Thursday, March 28, 2019

The Eye of the Storm by Patrick White

Without much thought for her own wreckage, she moved slowly down what had been a beach, picking her way between torn-off branches, great beaded hassocks of amber weed, everywhere fish the sea had tossed out, together with a loaf of no longer bread, but a fluffier, disintegrating foam rubber.  Just as she was no longer a body, least of all a woman: the myth of her womanhood had been exploded by the storm.  She was instead a being, or more likely a flaw at the centre of this jewel of light: the jewel itself, blinding and tremulous at the same time, existed, flaw and all, only by grace; for the storm was still visibly spinning and boiling at a distance, in columns of cloud, its walls hung with vaporous balconies, continually shifted and distorted.

The aged, dying woman at the heart of The Eye of the Storm is the perfect vehicle for Patrick White's preoccupations and style.  He's so obsessed with the minutiae of the body, its various colors, smells, textures, effluvia, but he's no materialist; there's always the possibility of metaphysical transcendence.  Perhaps transcendence is, for White, what the everyday experience of living is made of, and death its ultimate expression.  So he has a field day with the body of Elizabeth Hunter, the eighty-six year old socialite, motionless and mostly blind, but often tricked out by her nurses in gaudy makeup, inherited jewels, and a lilac wig.

Sensing the end, Elizabeth Hunter's adult children return to Sydney to provoke a little bit of money from their mother, and hopefully shunt her off to a home.  Her daughter Dorothy, the Princess des Lascabanes, needs an infusion of cash to keep up the lifestyle she leads in France after her husband leaves her.  Her son Basil, a famous theater actor in London, wants to fund a misbegotten modern theater piece.  (There is something here about Australian anxiety toward the culture of Europe; something the materialistic children are drawn to, but not their mother.)

Both Dorothy and Basil despise their mother, who they consider to be cold and cruel, though this seems to be a matter of interpretation.  While not warm, White gives Elizabeth Hunter a kind of aloof wisdom, and suggests perhaps that the spiritually stunted children are incapable of seeing what is remarkable in their mother.  Among other things, she insists that she can and will die at the exact moment she wills it.  It's her night nurse, Sister de Santis, who really understands her.  Another nurse, the delightfully named Flora Manhood, is as drawn to Elizabeth as she is repelled; she cracks a plan to have the visiting Basil impregnate her for obscure reasons.  Nurses, housekeepers, cooks, the lawyer: these hangers-on make up a kind of family that supersedes Dorothy and Basil.

I couldn't help but think of May Sarton's Mrs.

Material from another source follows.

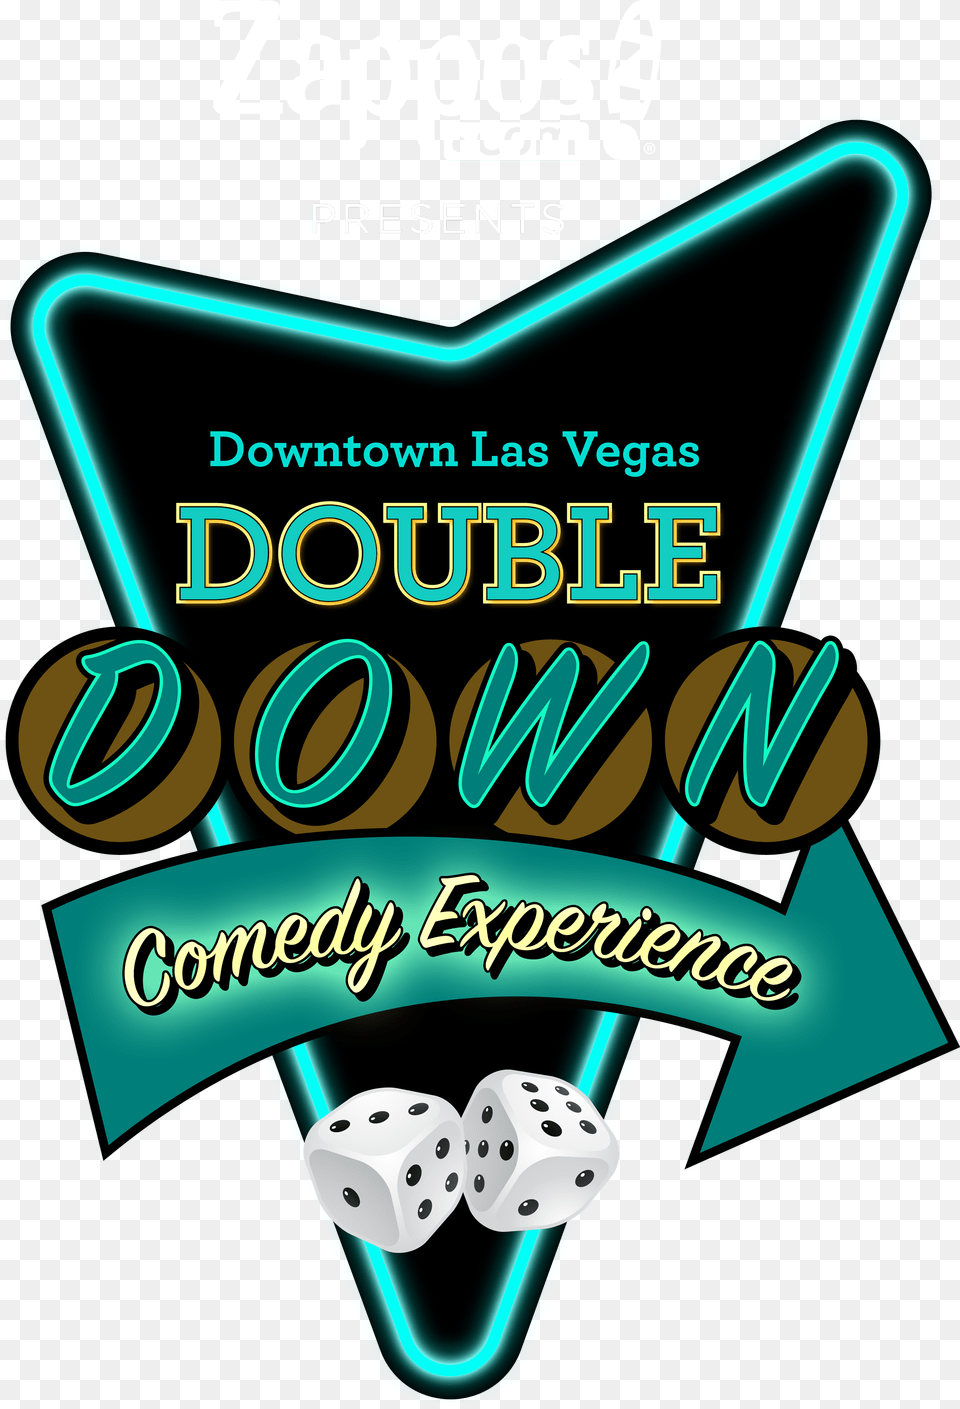 Dowble Down Comedy Logo Graphic Design, Advertisement, Poster Png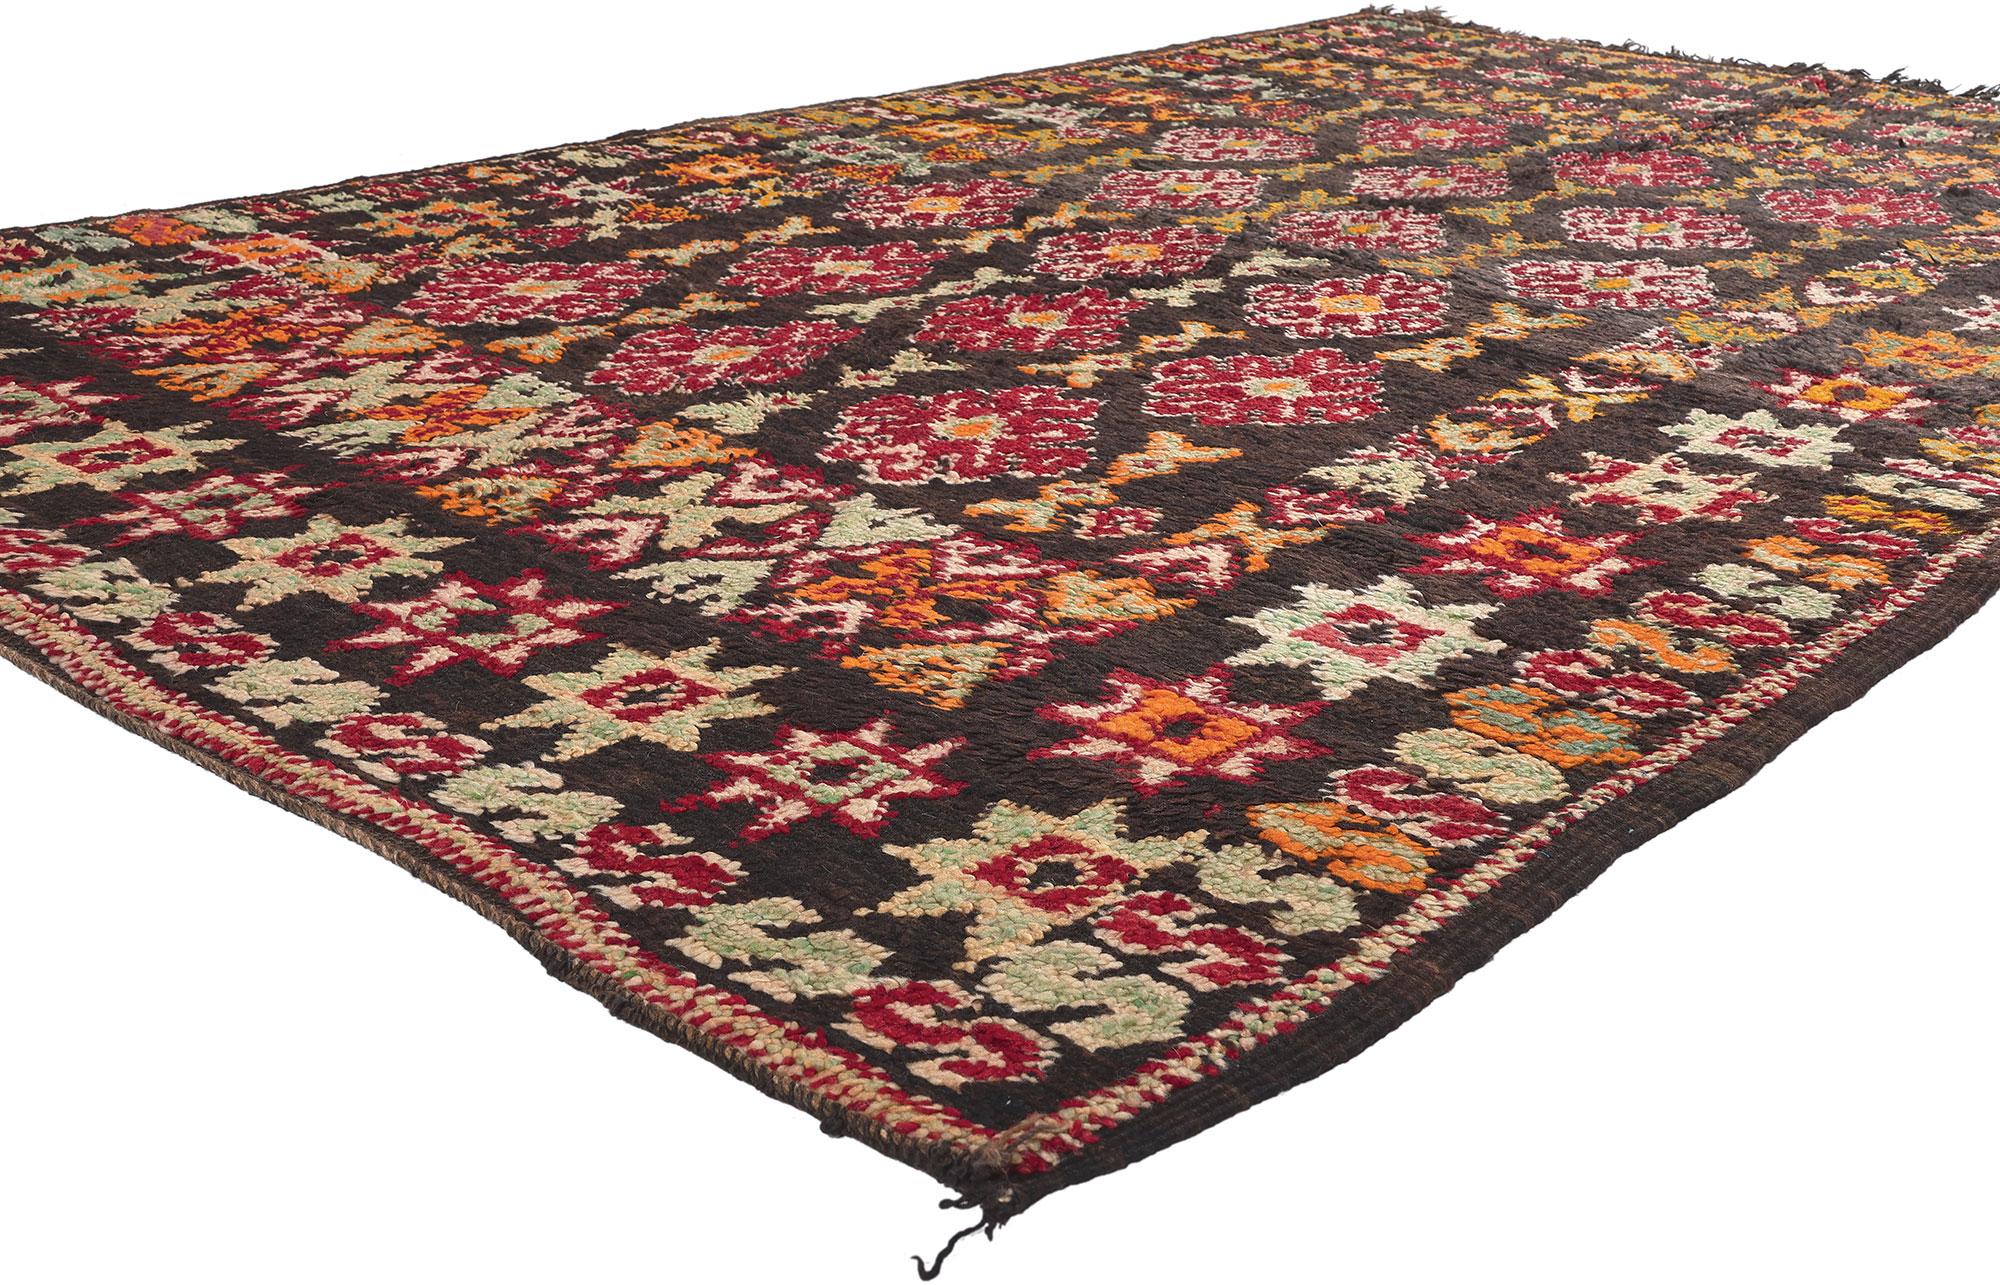 20722 Vintage Beni MGuild Moroccan Rug, 06'00 x 09'00. In the enchanting convergence of Midcentury Modern and nomadic allure, discover the allure of this hand-knotted wool vintage Beni Mguild Moroccan rug—a treasure from the western central Middle

Stevens Hears the Mermaids SingingBoth novels are about older women trawling through memories: dead husbands, incomprehensible love affairs.  "The past has been burnt into me, I suppose," she says, "like they do with cattle."  But it's The Eye of the Storm that's really a novel about genius, partially because White's bizarre writing really is genius, and partially because it has no need to use the word genius: it abides there in the metaphysics.  The central transcendental moment is the eye of the titular hurricane; as Elizabeth Hunter recalls, abandoned on a remote island by her daughter, she hid in a bunker during a typhoon and experienced, all alone, the strange magic of the eye.  The transcendence of it--described by White in typically sensual fashion, above--is predicated on a kind of lesson of contingency.  Elizabeth sees the storm, and knows that she exists by grace only, and it only follows that such a grace cannot be permanent.  To know these moments of heightened life is to know, also, death.  No wonder Dorothy remains forever jealous of the experience.

When she does die, as she obviously must, it's on the toilet.  White's old body-obsession and potty humor.  But the moment is described as a kind of becoming, a fulfillment rather than a loss.  It slips rather beautifully into Elizabeth's point-of-view: "Till I am no longer filling the void with mock substance: myself is this endlessness."  I don't know if it's a good death, like the Archbishop's, but it seems beside the point; earlier in the novel she tells us that dying ought to be the hardest thing you ever do; that's the point of it.  It's not beautiful either; White's books never are, but it has a kind of power and truth I never find anywhere else.